Я про Борнео никогда не слышал, но решил не подавать виду.
– А, ну да, – сказал я. – Остров. Типа… в океане. – Острова ведь обычно там, верно? В океане. – А как тебя зовут? – Вырвалось само, я не успел удержать.
– Анна-Мари. – Фамилию она тоже назвала, Диаз-что-то-там, но я не расслышал.
– Блин, – сказал я. Что-то слова совсем перестали мне подчиняться.
– Чего? – не поняла она.
Спрашивая ее имя, я надеялся втайне, что она Хая или Эстер.
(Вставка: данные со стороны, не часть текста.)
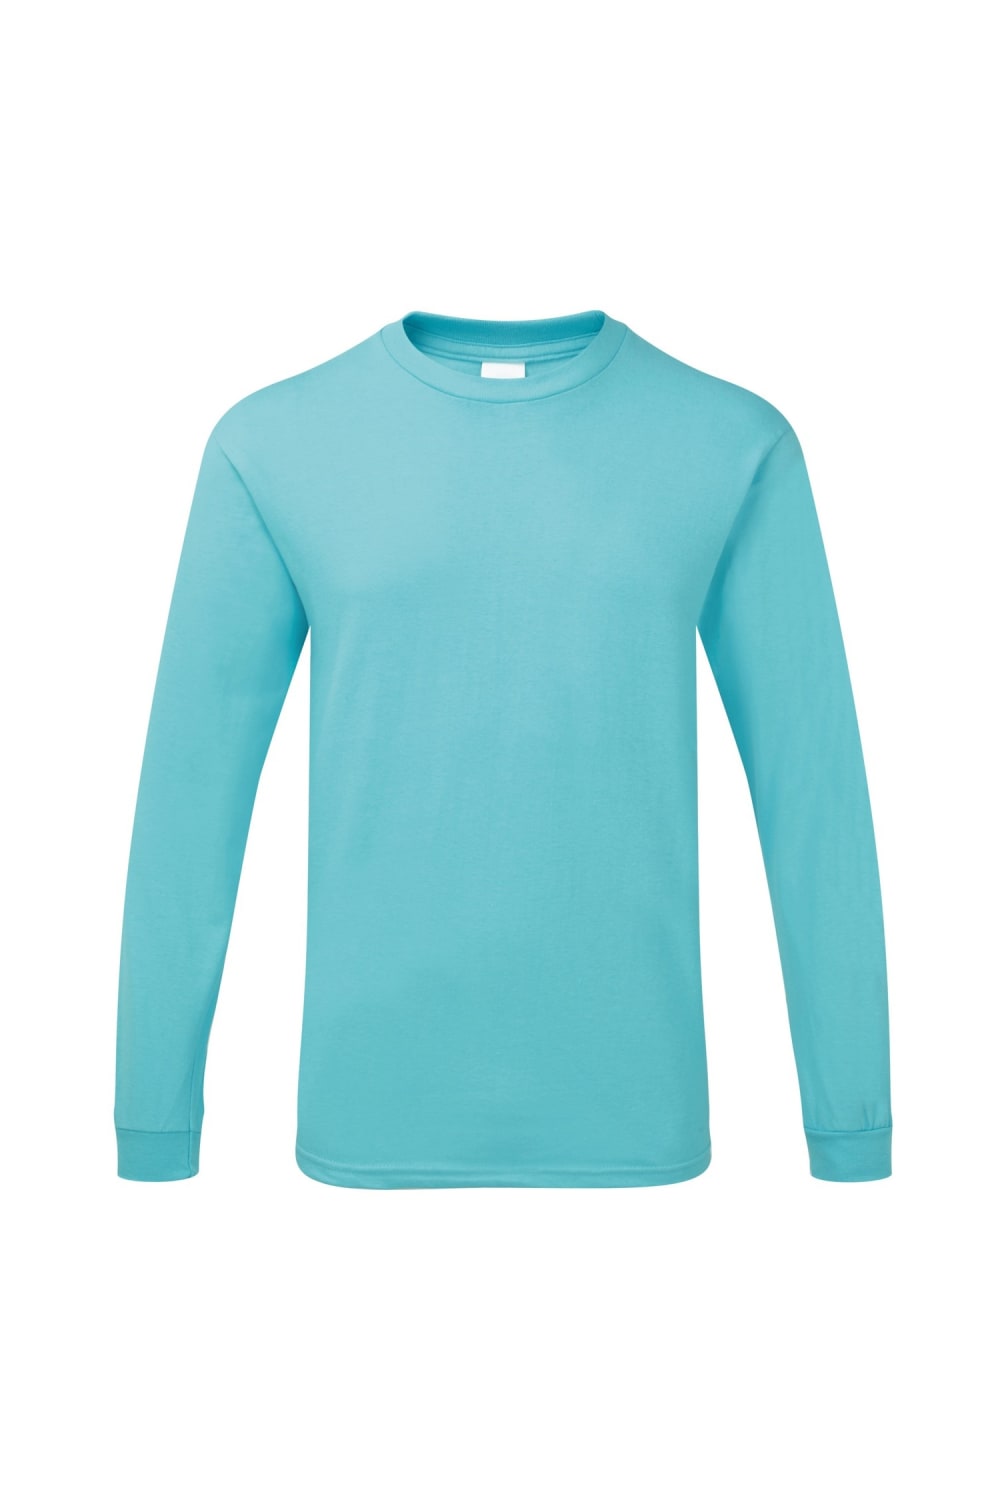 Gildan Unisex Adults Hammer Long Sleeve T-Shirt (Lagoon Blue)

Так ведь нет. Она Анна-Мари. Просто Анна – еще можно было бы на что-то надеяться. Я уже понял по шортам, что она не больно религиозная и уж явно не фрум[12] – не как я. Анна без дефиса еще худо-бедно могла быть еврейкой, пусть и светской. Тут поблизости живут кое-какие светские евреи. В соседнем городке есть реформистская синагога и гастрономия.
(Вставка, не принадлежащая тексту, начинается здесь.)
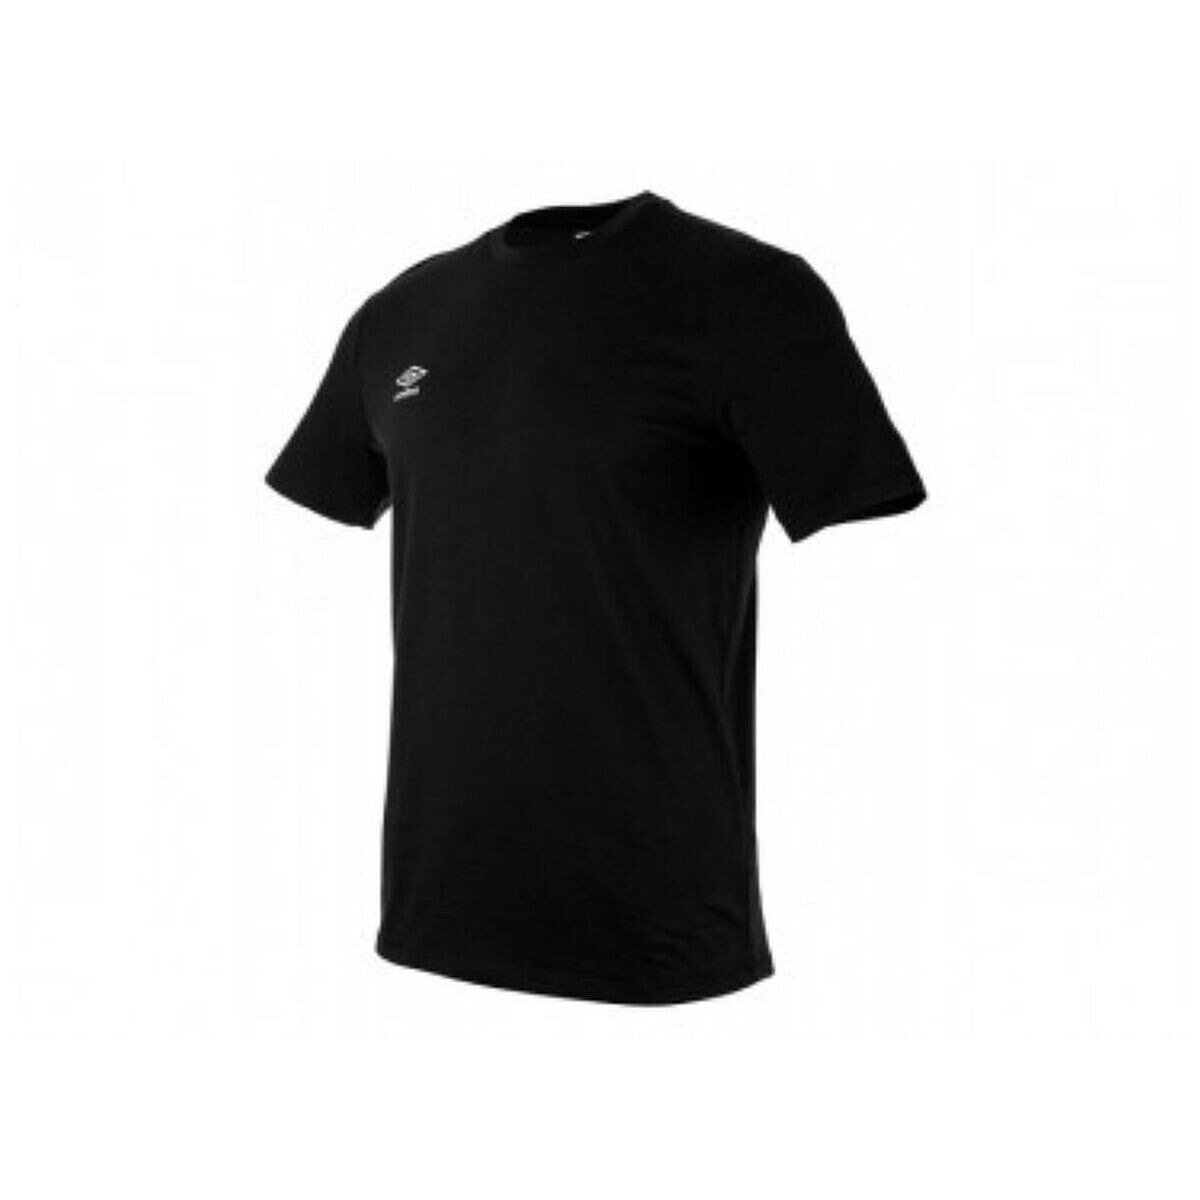 Men’s Short Sleeve T-Shirt Umbro LOGO 65353U 060 Black

Но Анна-Мари? Самое что ни на есть гойское[13] имя.
Когда Анна-Мари дернула локтем и потянула за поводок, над воротом футболки мелькнул крестик. Прыгнул туда-сюда на серебряной цепочке прямо между ключицами. Я смотрел в полном отчаянии.
Она явно опять решила уйти.
– Я Худи, – сказал я.
– Худи?
– Типа, как свитер. – Я сделал движение, будто накидываю на голову капюшон.
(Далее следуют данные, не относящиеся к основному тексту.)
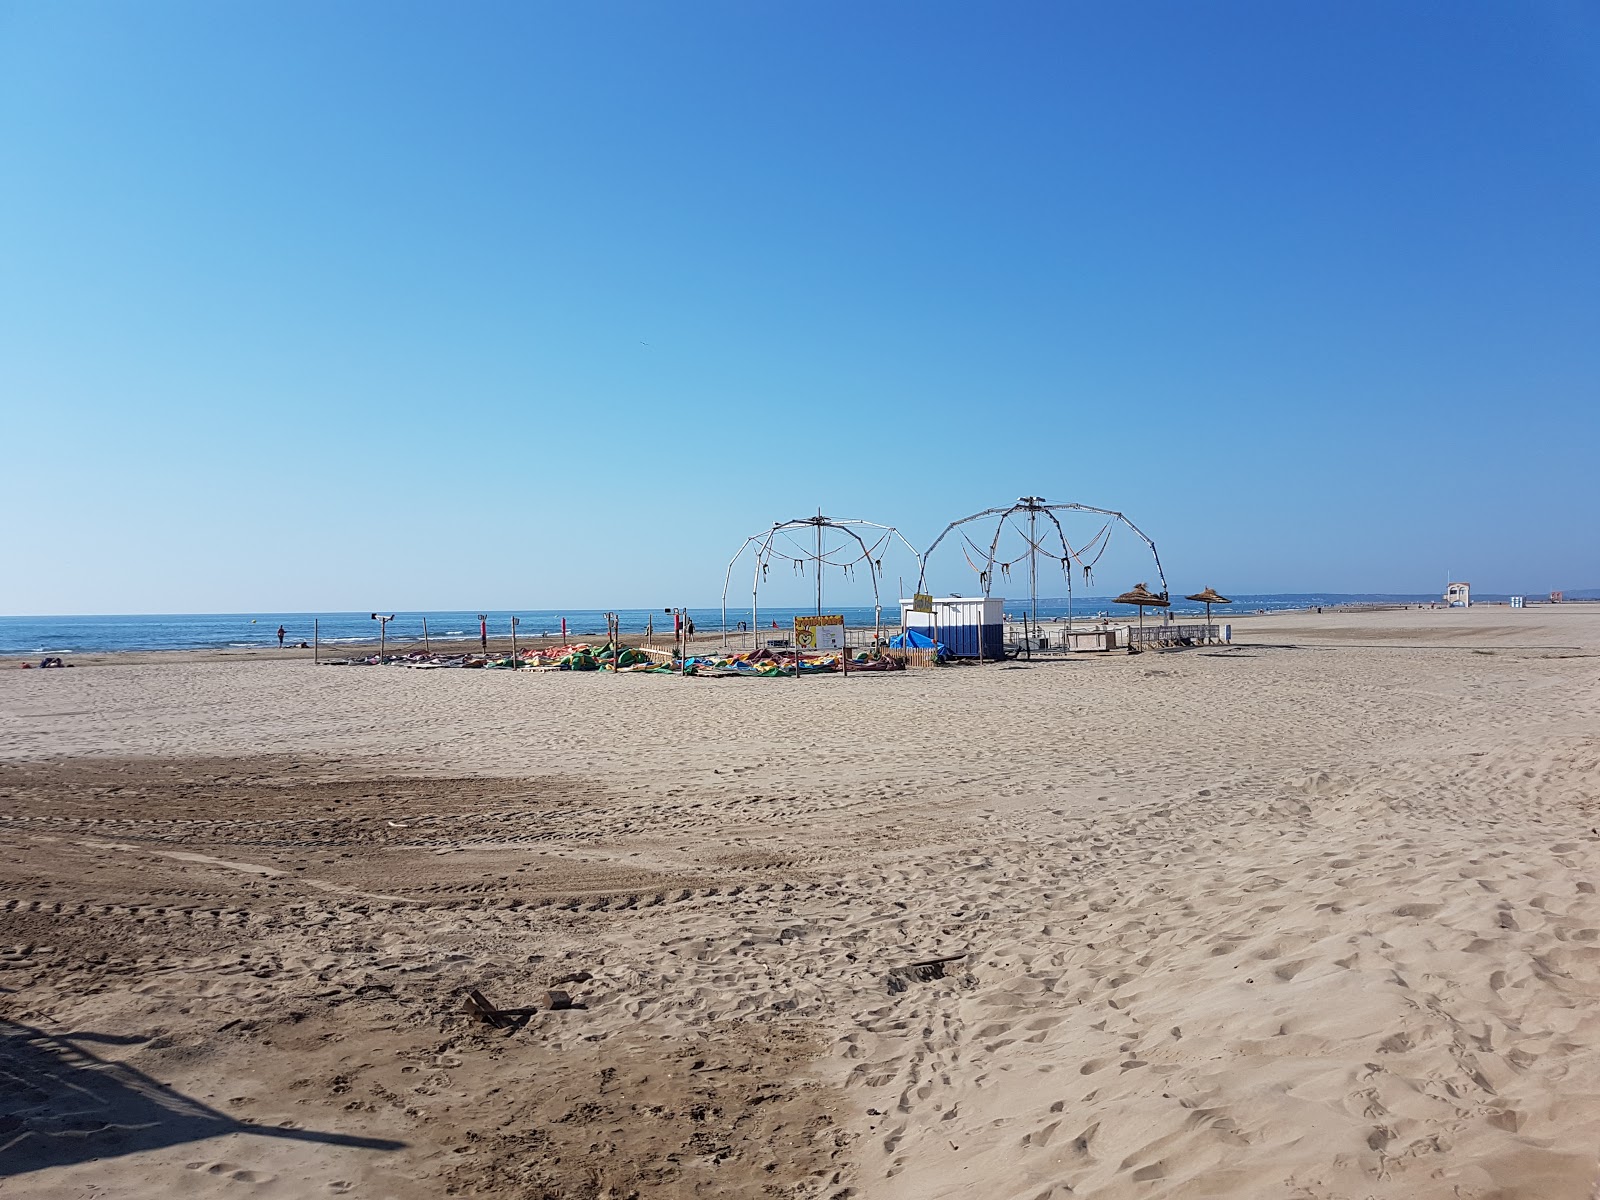 Foto de Les Montilles beach com alto nível de limpeza

Анна-Мари протянула мне руку для пожатия. Я посмотрел. Пальцы тонкие, ногти аккуратно выкрашены в аквамариновый цвет. Аквамарин. Анна-Мари. Страшно хотелось пожать аквамариновую руку Анны-Мари. Я оглянулся – не видит ли кто. Никого. И все равно не смог. Бар-мицва позади, мы с ней не женаты, дотрагиваться до нее нельзя. Так и таращился на ее руку, пока она ее не убрала.
– Ладно, Худи, нам с Борнео пора.
– А ты тут неподалеку живешь? – спросил я.
– Нет. Я, типа, на такси сюда езжу с собакой погулять.
Я рассмеялся, напряжение слегка спало.
– Дурацкий вопрос, – сказал я. – Приятно было познакомиться, Анна-Мари.
Она сделала шаг, потом оглянулась и вытащила телефон.
– Кстати, у тебя какой ник в Инсте? Подпишусь.
Я знал, что она имеет в виду Инстаграм[14] – приложение для фотографий, которое устанавливают на смартфоны. Мне им пользоваться не разрешалось, но я не хотел об этом говорить. Полез в карман, достал свой телефон.
Увидев его, Анна-Мари прямо засияла. Улыбка озарила все ее лицо. Потом раздался смех.
– У тебя «раскладушка»? – удивилась она. – Так, постой. Минутку. Я должна это сфоткать. Кассиди вообще не поверит.
Я улыбнулся в камеру – приятно, что Анна-Мари мной заинтересовалась. Потому что и я ею заинтересовался. Ее ногтями. Улыбкой во все лицо.
– Прелесть какая.
То есть я прелесть. Я улыбнулся. Она, по-моему, тоже прелесть.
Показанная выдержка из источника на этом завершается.